Ich könnte es mir einfach machen und mit dem Spiegel sagen, dass „Oliver Frjics Wuttheater im Marstall“ einen „Gipfel der Provokation“ darstellt, aber ich finde das Stück ist eher ein Tsunami der Provokation und das auf der Bühne war dann erst das Beben. Aber Vergleiche und Metaphern fruchten nicht. Der Effekt lässt sich nicht bändigen.

Ich sage mir, solange es solches Theater und solche Theatermacher zu erleben gibt, gibt es noch ein drängendes Jetzt und eine weitende Zukunft, vielleicht sogar Hoffnung.

Zugleich frage ich mich aber auch, was mir geholfen hat den Anblick der Folter zu ertragen.
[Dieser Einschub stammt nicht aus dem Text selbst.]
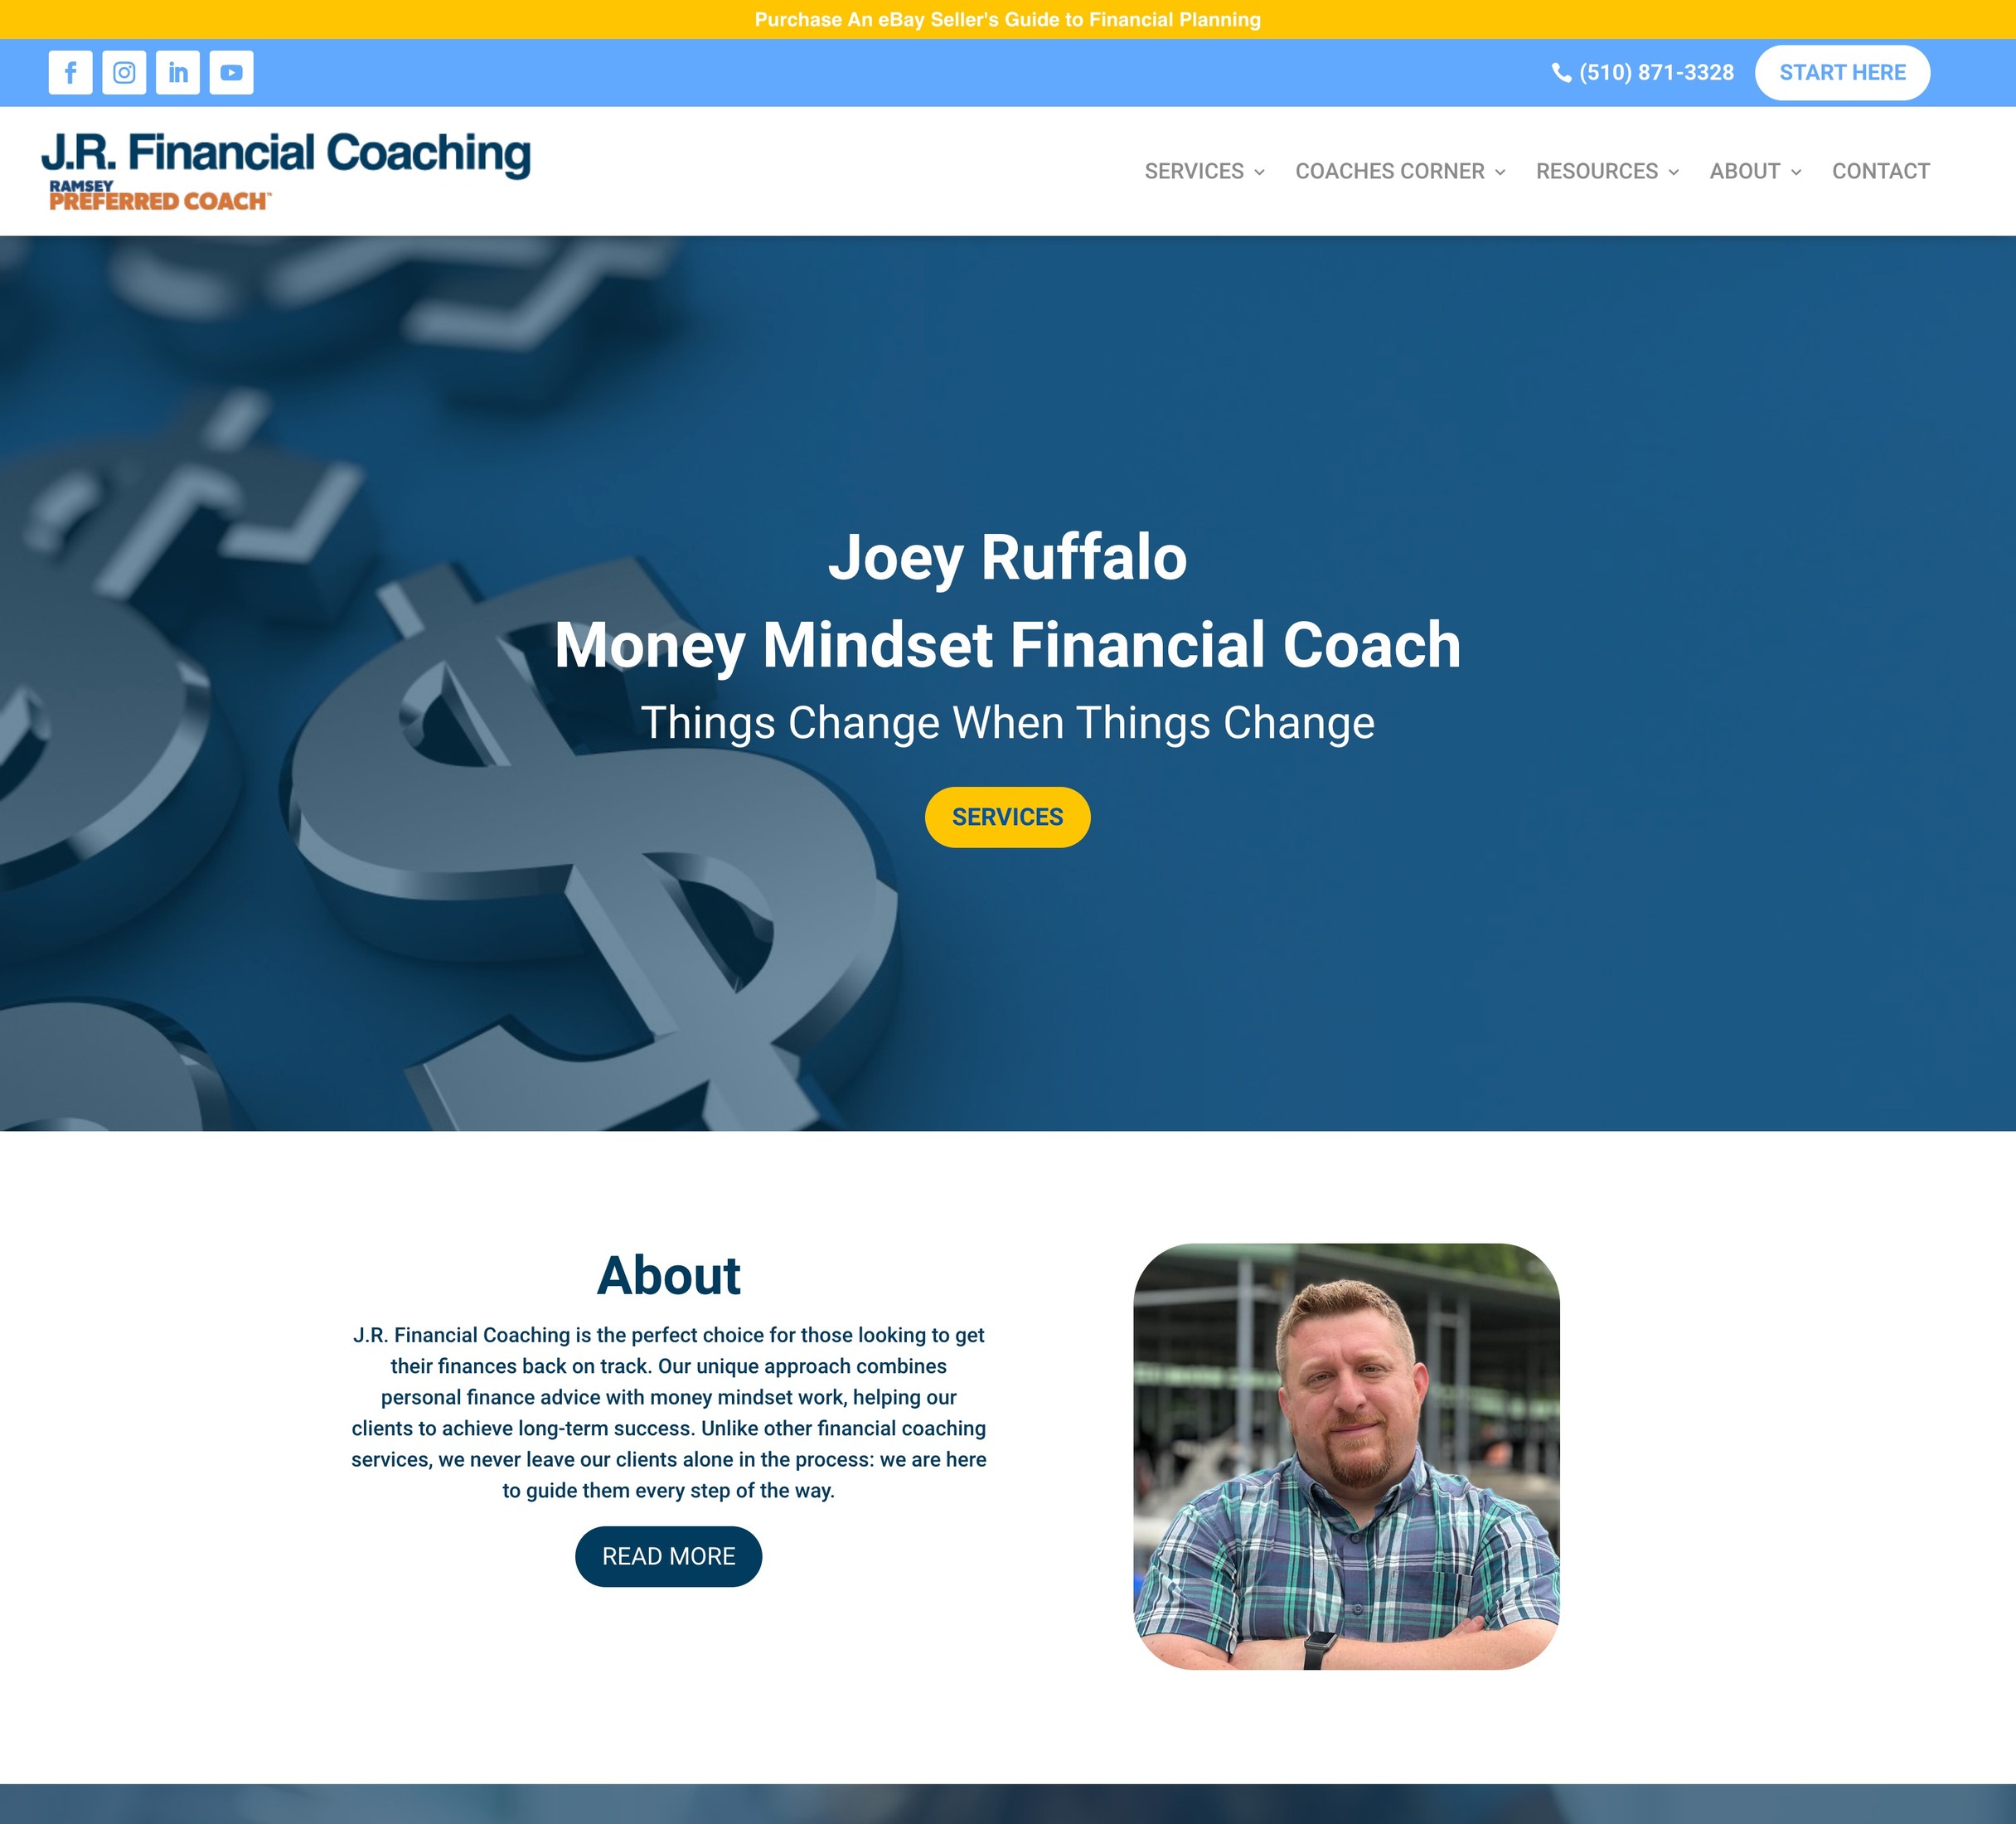 J.R. Financial Coaching

Bin ich von der Gewalt des Terrors und Antiterrors abgestumpft, autistisch, kalt geworden? Oder war ich bloß zufällig vorbereitet, weil ich die Nacht zuvor den Trujillo-Roman La Fiesta del Chivo von Mario Vargas Llosa zu Ende gelesen hatte und meine Augen deshalb bereits vorab in Blut, Elektroschocks, Amputationen und Wiederbelebungen getränkte Komplizen eines Terrorregimes waren? Ich weiß es nicht, ist es denn wichtig? Die Dominikanische Republik, Deutschland und die ehemalige Bundesrepublik Jugoslawien sind Gebilde in denen die komplett entfesselte totalitäre Gewalt des Genozids und Massakers zu konkreten Zeitpunkten zutage trat. Das teilen sie allerdings mit vielen anderen Territorien und Grenzen, die Erde ist ein blutgetränkter Ort.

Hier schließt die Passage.